Straight-forward enough, fire it up while ebizzy is running and after a few samples we get

        compass:~ # stap -d /lib64/libc-2.18.so -d /lib64/libpthread-2.18.so -d /lib64/ld-2.18.so -d ./ebizzy -DSTP_NO_OVERLOAD -DMAXSKIPPED=1000000 -g ./top-page-faults.stp
        eip samples
        6927:ebizzy:0x7f0772253006    118733
         0x7f0772253006 : __memcpy_sse2_unaligned+0xe6/0x220 [/lib64/libc-2.18.so]
         0x4017ba : search_mem+0xf5/0x1fe [/root/ebizzy]
         0x4018ff : thread_run+0x3c/0x96 [/root/ebizzy]
         0x7f077257a0db : start_thread+0xcb/0x300 [/lib64/libpthread-2.18.so]
         0x7f07722aa90d : clone+0x6d/0x90 [/lib64/libc-2.18.so]

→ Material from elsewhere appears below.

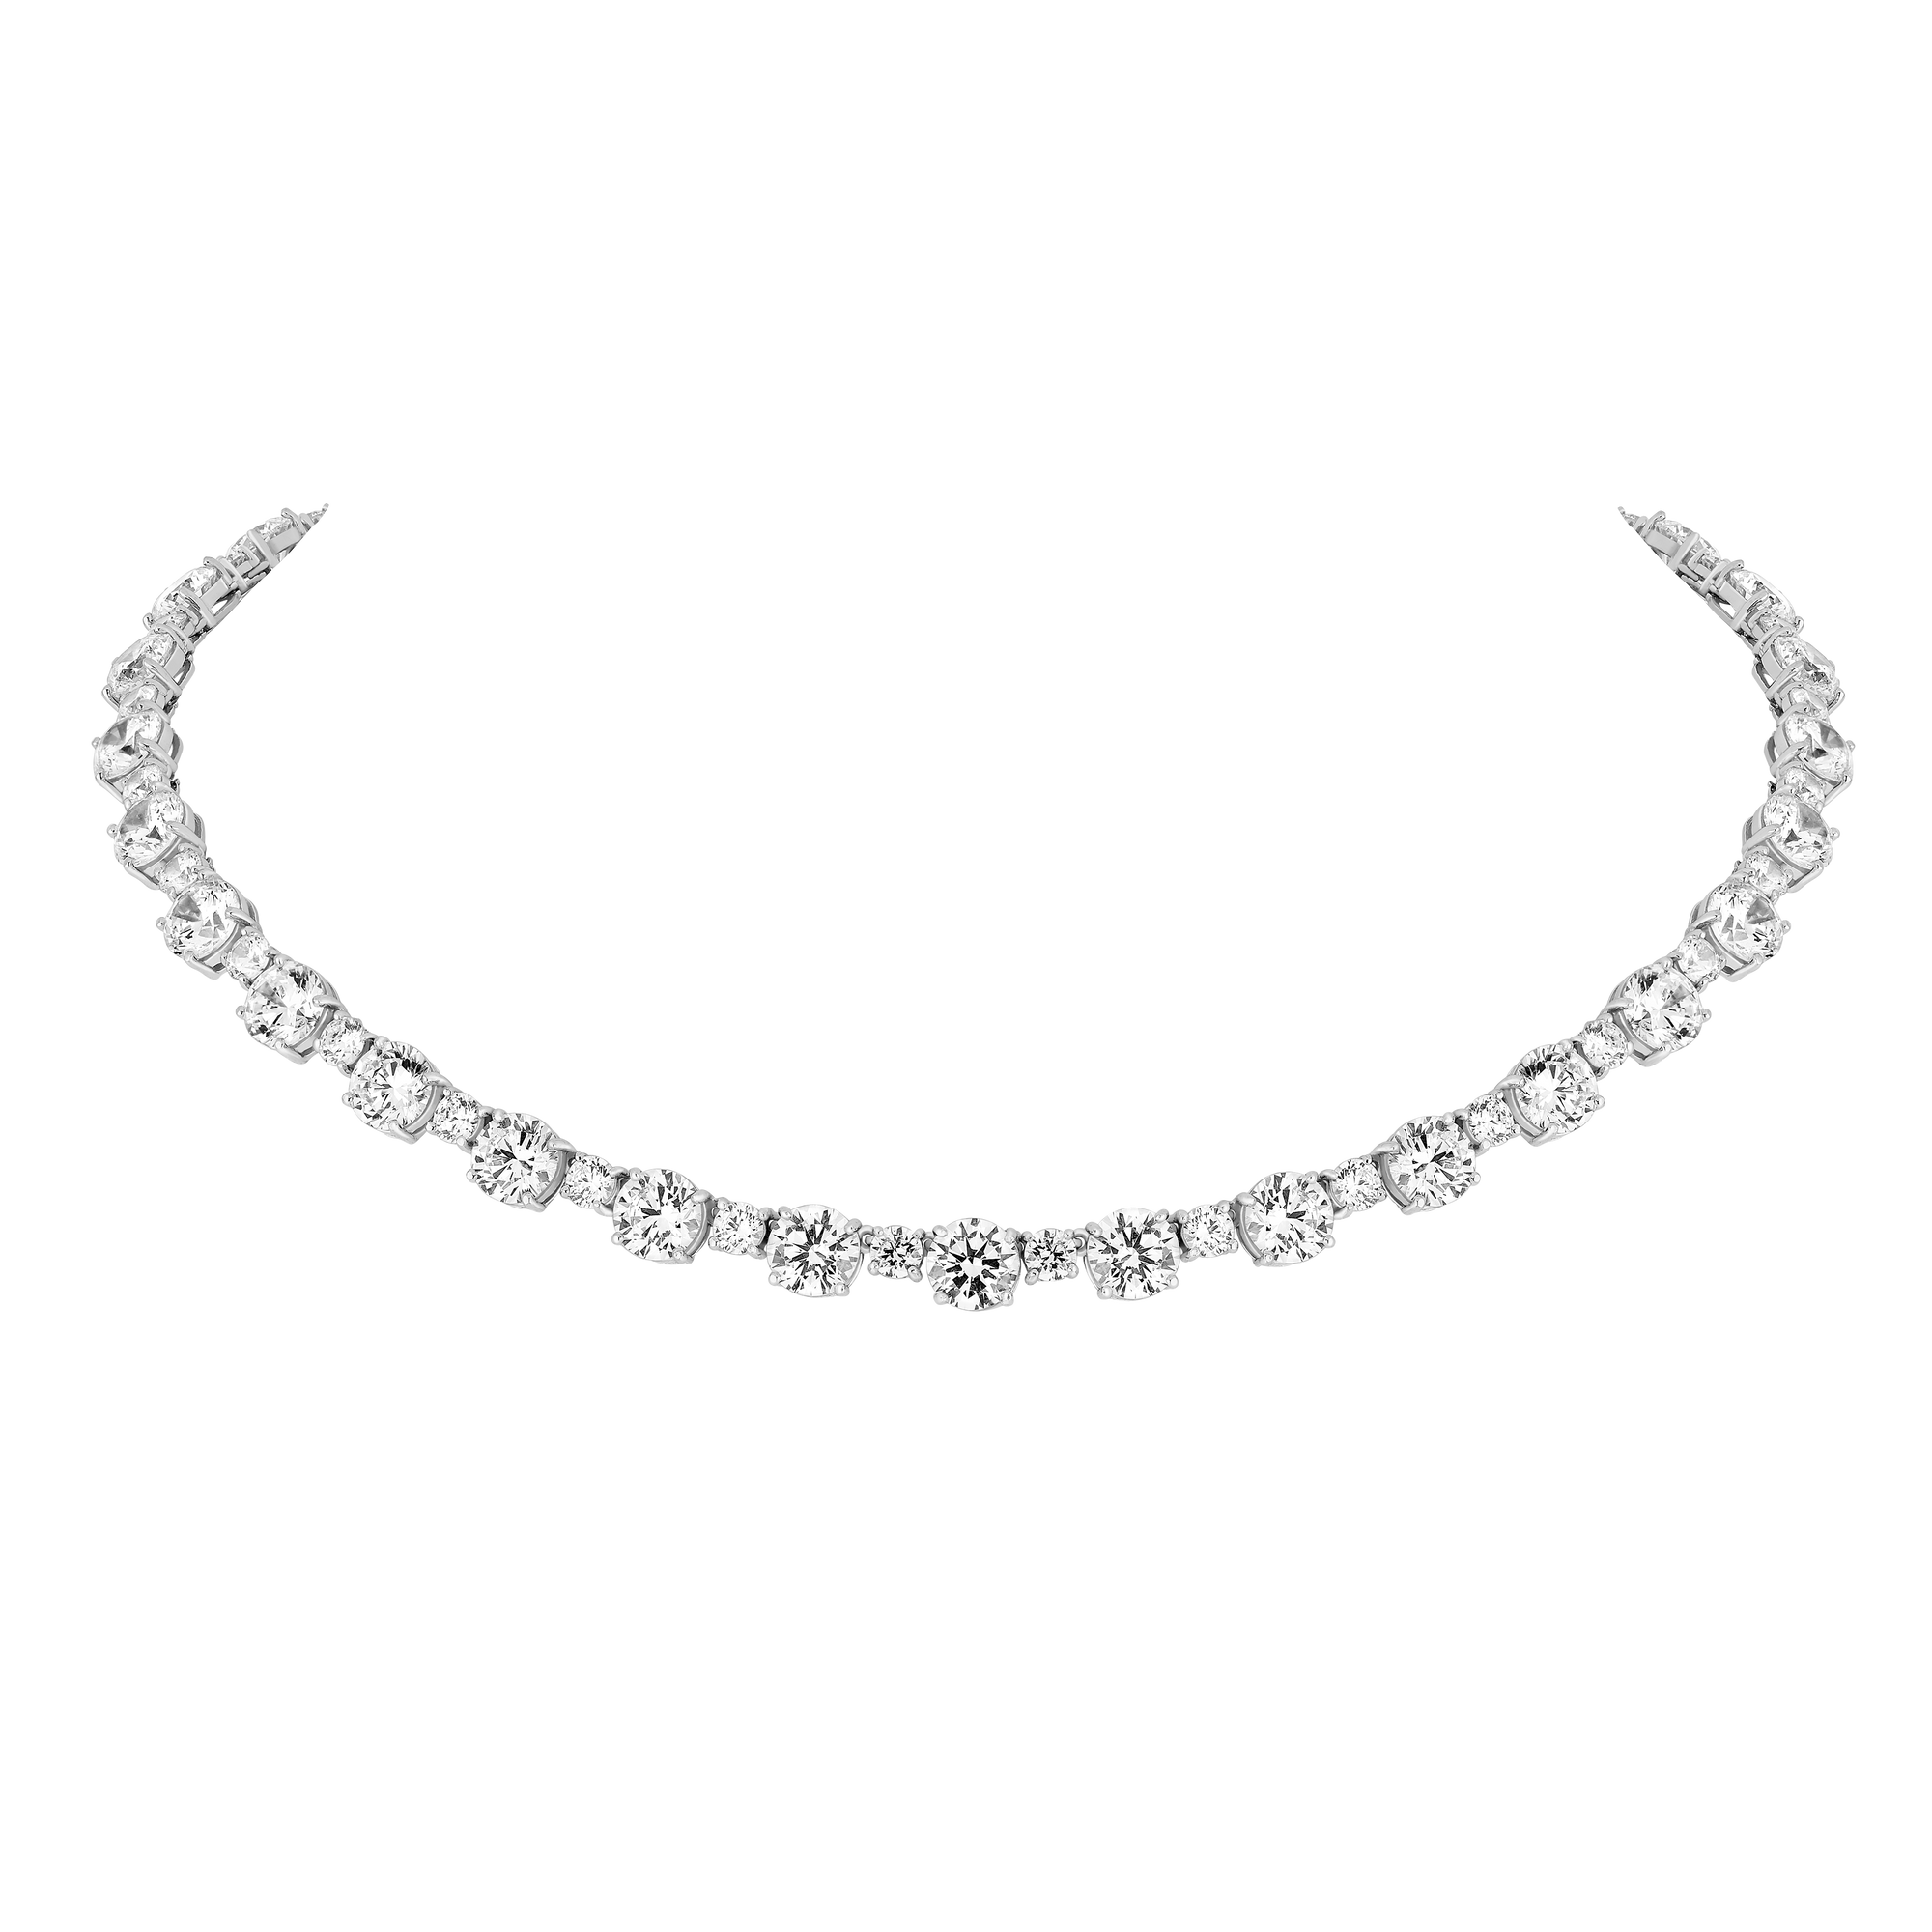 Necklace - Rhodium Silver

        6927:ebizzy:0x7f077223e669      1245
         0x7f077223e669 : _int_malloc+0xaf9/0x1360 [/lib64/libc-2.18.so]
         0x7f077223fff9 : __libc_malloc+0x69/0x170 [/lib64/libc-2.18.so]
         0x401320 : alloc_mem+0x64/0xb8 [/root/ebizzy]
         0x40175a : search_mem+0x95/0x1fe [/root/ebizzy]
         0x4018ff : thread_run+0x3c/0x96 [/root/ebizzy]
         0x7f077257a0db : start_thread+0xcb/0x300 [/lib64/libpthread-2.18.so]
         0x7f07722aa90d : clone+0x6d/0x90 [/lib64/libc-2.18.so]

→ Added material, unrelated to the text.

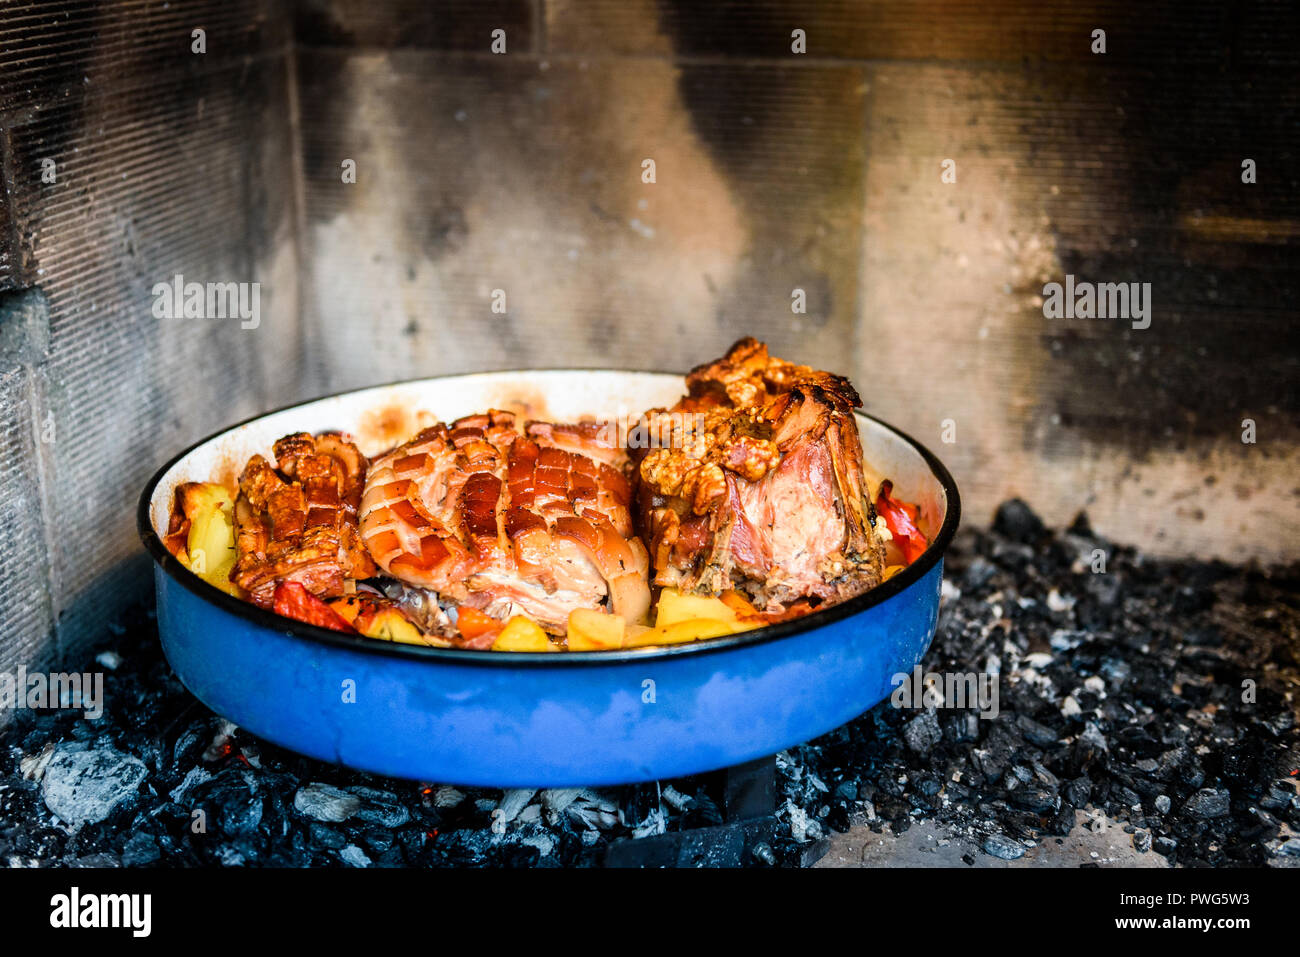 Vorbereiten und kochen Schweinebraten im traditionellen Metal pot Peka.  Fleisch und Gemüse in traditionellen Balkan, Kroatisch, Griechisch  mediterrane Mahlzeit Peka in Stockfotografie - Alamy

        7046:nis:0x7f4dc43844b7          104
         0x7f4dc43844b7 : _int_malloc+0x947/0x1360 [/lib64/libc-2.18.so]
         0x7f4dc4385ff9 : __libc_malloc+0x69/0x170 [/lib64/libc-2.18.so]
         0x475008 : 0x475008 [/bin/bash+0x75008/0x9c000]

        7047:nis:0x7f4dc43830da           33
        7049:systemctl:0x7f28d6af813f     33

        # Translate the top addresses in ebizzy of interest
        compass:~ # addr2line -e ebizzy 0x4017ba
        ebizzy-0.3/ebizzy.c:413
        compass:~ # addr2line -e ebizzy 0x401320
        ebizzy-0.3/ebizzy.c:254
        compass:~ # addr2line -e ebizzy 0x40175a
        ebizzy-0.3/ebizzy.c:402

        compass:~ # sed -n '410,415p' /root/git-private/mmtests-test/work/testdisk/sources/ebizzy-0.3/ebizzy.c
                        else
                                memcpy(copy, src, copy_size);

                        key = rand_num(copy_size / record_size, state);

                        if (verbose > 2)
        compass:~ # sed -n '395,405p' /root/git-private/mmtests-test/work/testdisk/sources/ebizzy-0.3/ebizzy.c
                /
                  If we're doing random sizes, we need a non-zero
                  multiple of record size.
                 /
                if (random_size)
                        copy_size = (rand_num(chunk_size / record_size, state)
                                     + 1)  record_size;
                copy = alloc_mem(copy_size);

                if ( touch_pages ) {
                        touch_mem((char ) copy, copy_size);

The causes of faults are memory copies to a newly allocation short-lived buffer that gets freed immediately and all this takes place in search_mem(). It’s obvious when you have the tools to point you in the right direction. Working around the problem after that is up to you really. strace would reveal that the workload is dominated by calls to madvise as this very crude example illustrates

        compass:~ # strace -f -e mmap,madvise ./ebizzy -S 2 -t 48 2>&1 | grep ( | cut -d( -f1 | awk '{print $NF}' | sort | uniq -c
          17733 madvise
            161 mmap

Given infinite free time the options would be to alter ebizzy to be less allocator intensive to avoid this paths in the kernel altogether or modify madvise(MADV_DONTNEED) to not suck but how to do so is beyond the scope of the block.

The key is that workload analysis is not impossible if you just spend time to look for the available tools and then ask questions the tools can answer then for you.